Large-eddy simulations of turbulence-induced vibrations in annular pipe flow

This paper investigates the turbulence-induced vibration of a circular beam in annular pipe flow. Vibrations induced by turbulence are one of the causes of fatigue and fretting wear in process environments. Although the small-scale vibrations are normally not leading to immediate failure of structural components, they typically result in long term damage. To predict the amplitude of these subcritical vibrations, current methods require an accurate description of the incident pressure field. However, measurements of cross-spectral pressure fields in annular geometries are rare. Models to describe the pressure field have a tendency to provide only descriptive information, after a series of experiments have been performed. Therefore this paper aims to predict the pressure field numerically, by means of wall-resolved large-eddy simulations. In order to validate this approach the flow field of an experiment available in literature is computed. In the conditions simulated, water is flowing at 10 m/s in an annulus with a hydraulic diameter of 1.27cm. Pressure correlations obtained from the computations are compared to descriptive models such as the Corcos and Chase models. The numerical power spectra are also compared to experimental spectra.

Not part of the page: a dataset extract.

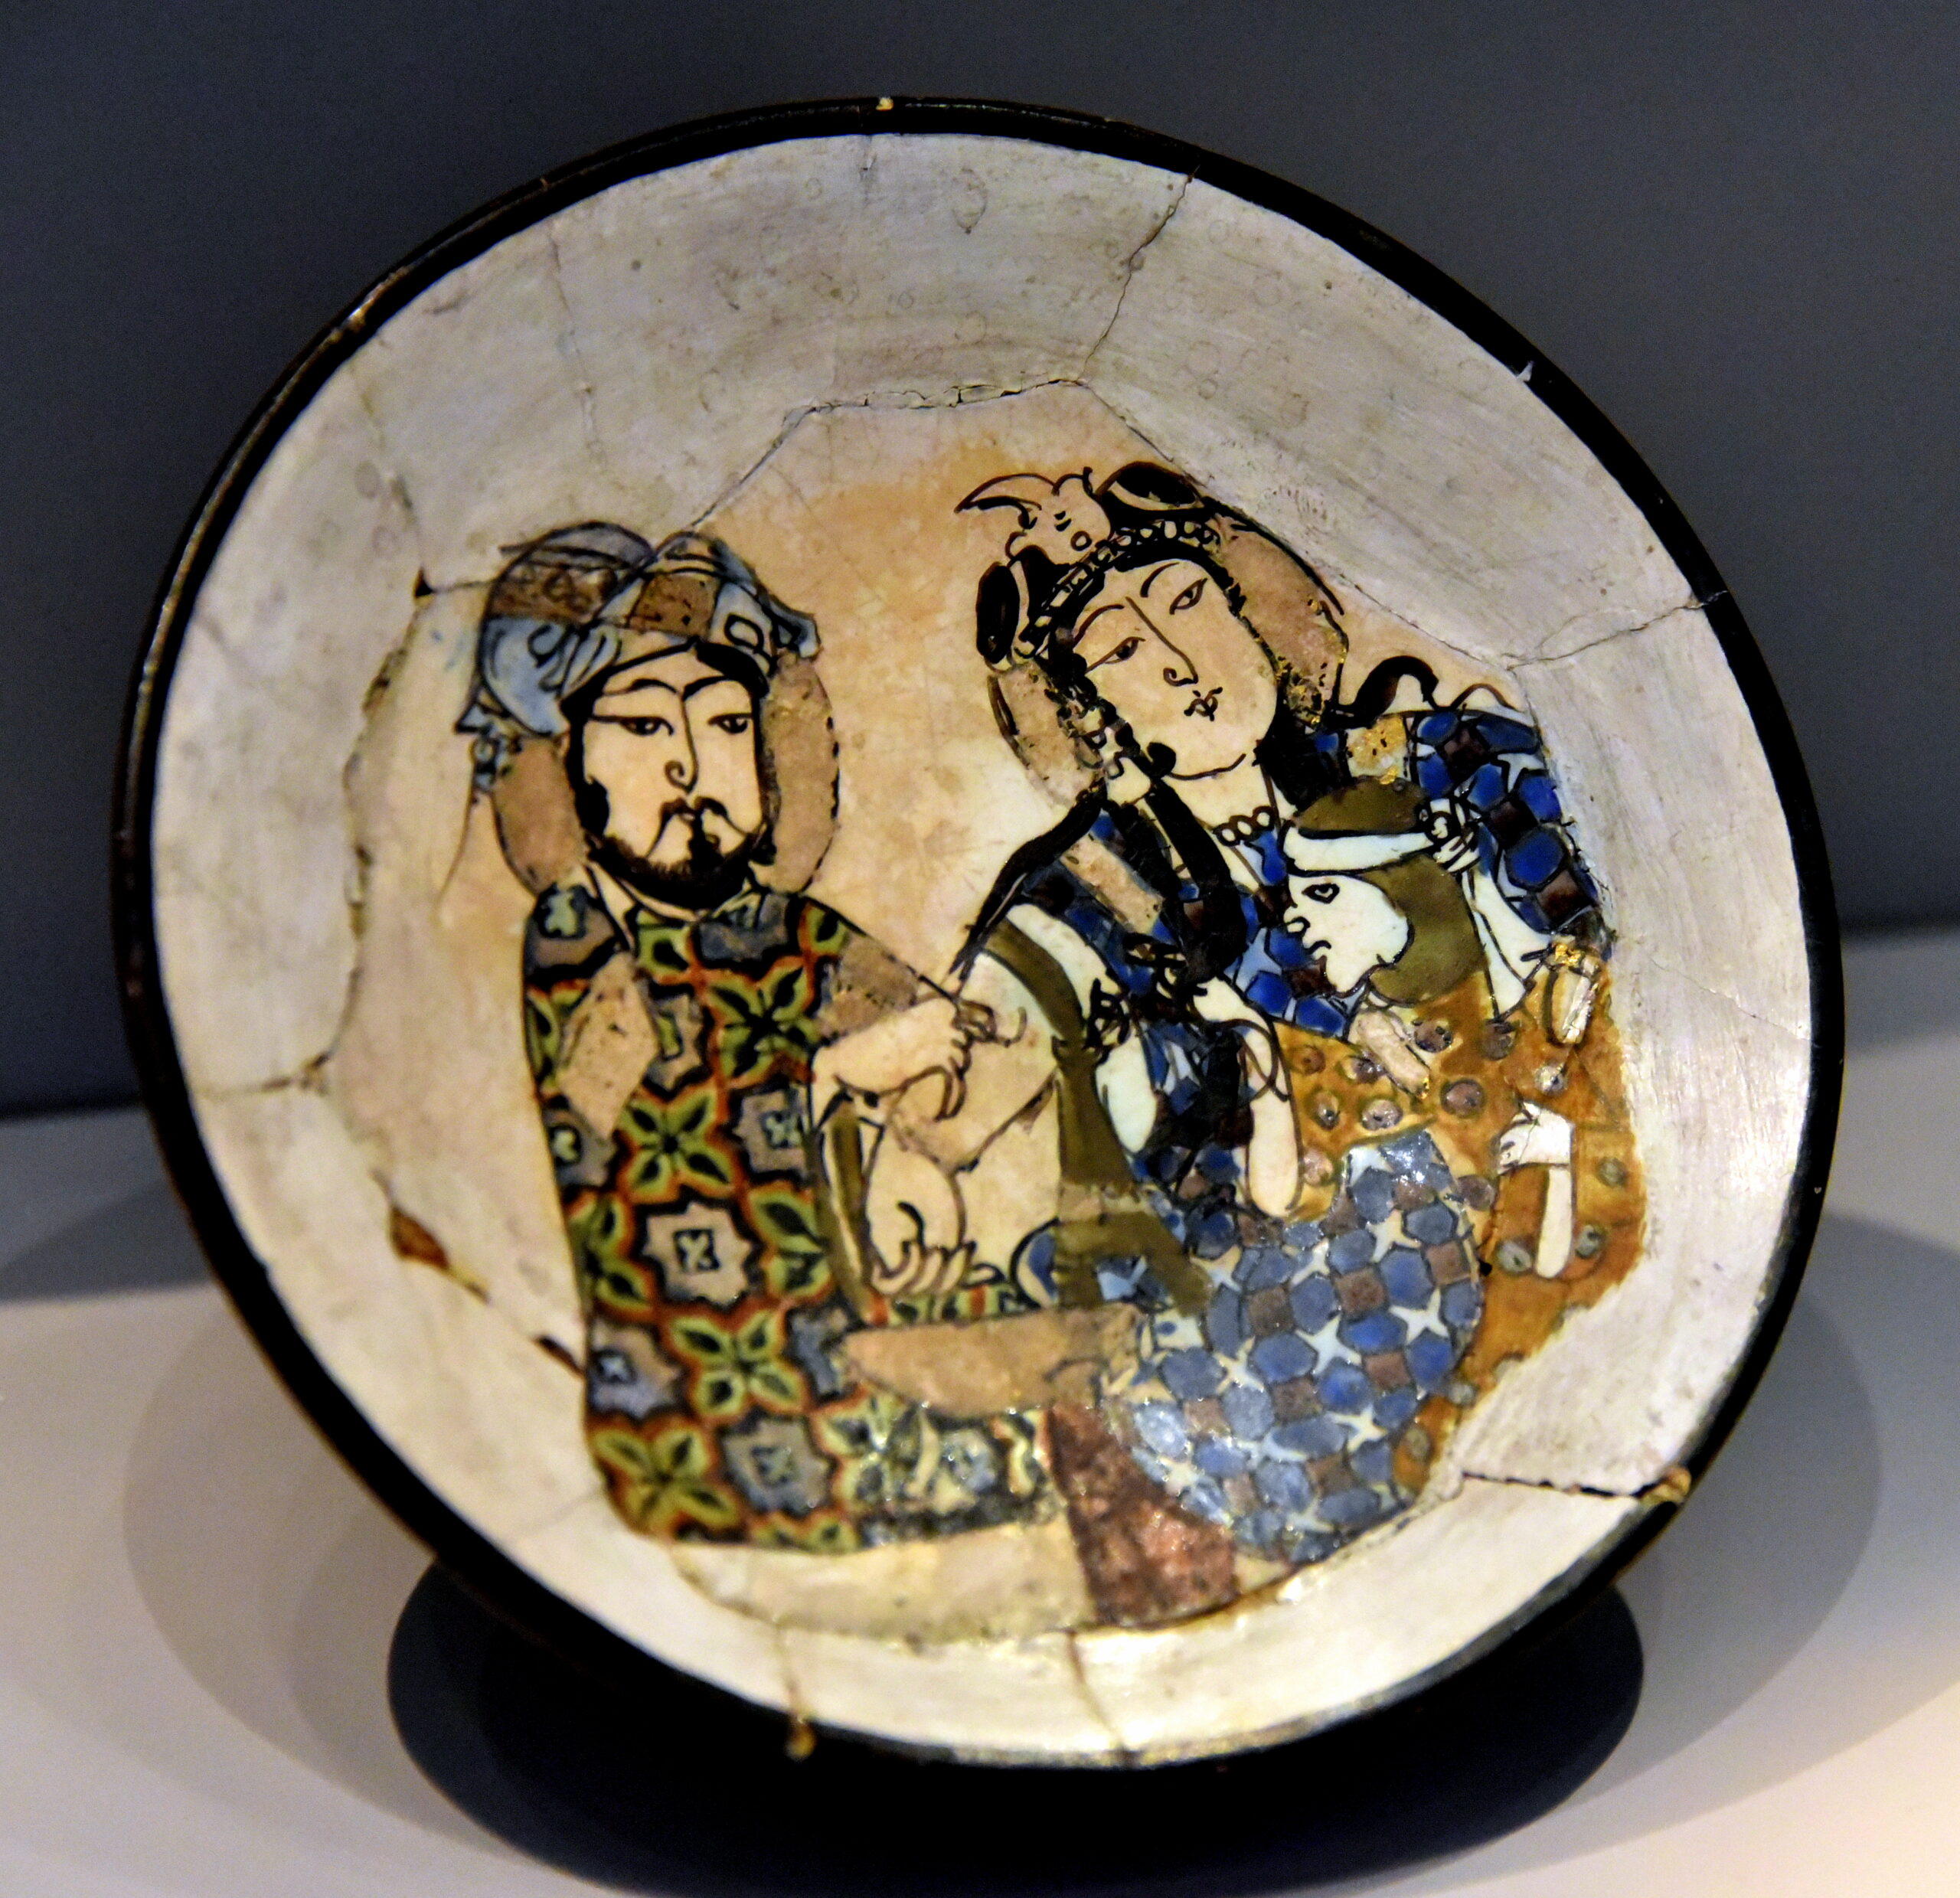 Why is the Anatolian art scene so popular?

Numerical Computation of Modal Characteristics of a Clamped-Clamped Cylinder in Turbulent Axial Pipe Flow

In this paper the modal characteristics of a flexible cylinder in turbulent axial flow are investigated with partitioned fluid-structure interaction simulations. In these simulations a computational fluid dynamics calculation to resolve the flow field is coupled with a computational structure mechanics calculation to compute the structural behavior. The cylinder is initially deformed according to an eigenmode in vacuo and then released. From this free vibration decay of the cylinder in the turbulent axial flow, modal characteristics are determined. To assess the accuracy of these calculations, the same configuration is computed as in an experiment with a solid brass cylinder mounted in a water-conveying pipe. The natural frequency appears to be relatively insensitive to an increase in flow velocity in this case. Both experiments and computations show the same trend of slightly decreasing natural frequency with increasing flow velocity. The damping, on the other hand, is very sensitive to the flow velocity A change in flow velocity from 10m/s to 30 m/s results in a modal damping increase from 1.4% to 3.0%. Changes in molecular viscosity due to temperature differences had only a small effect on modal damping.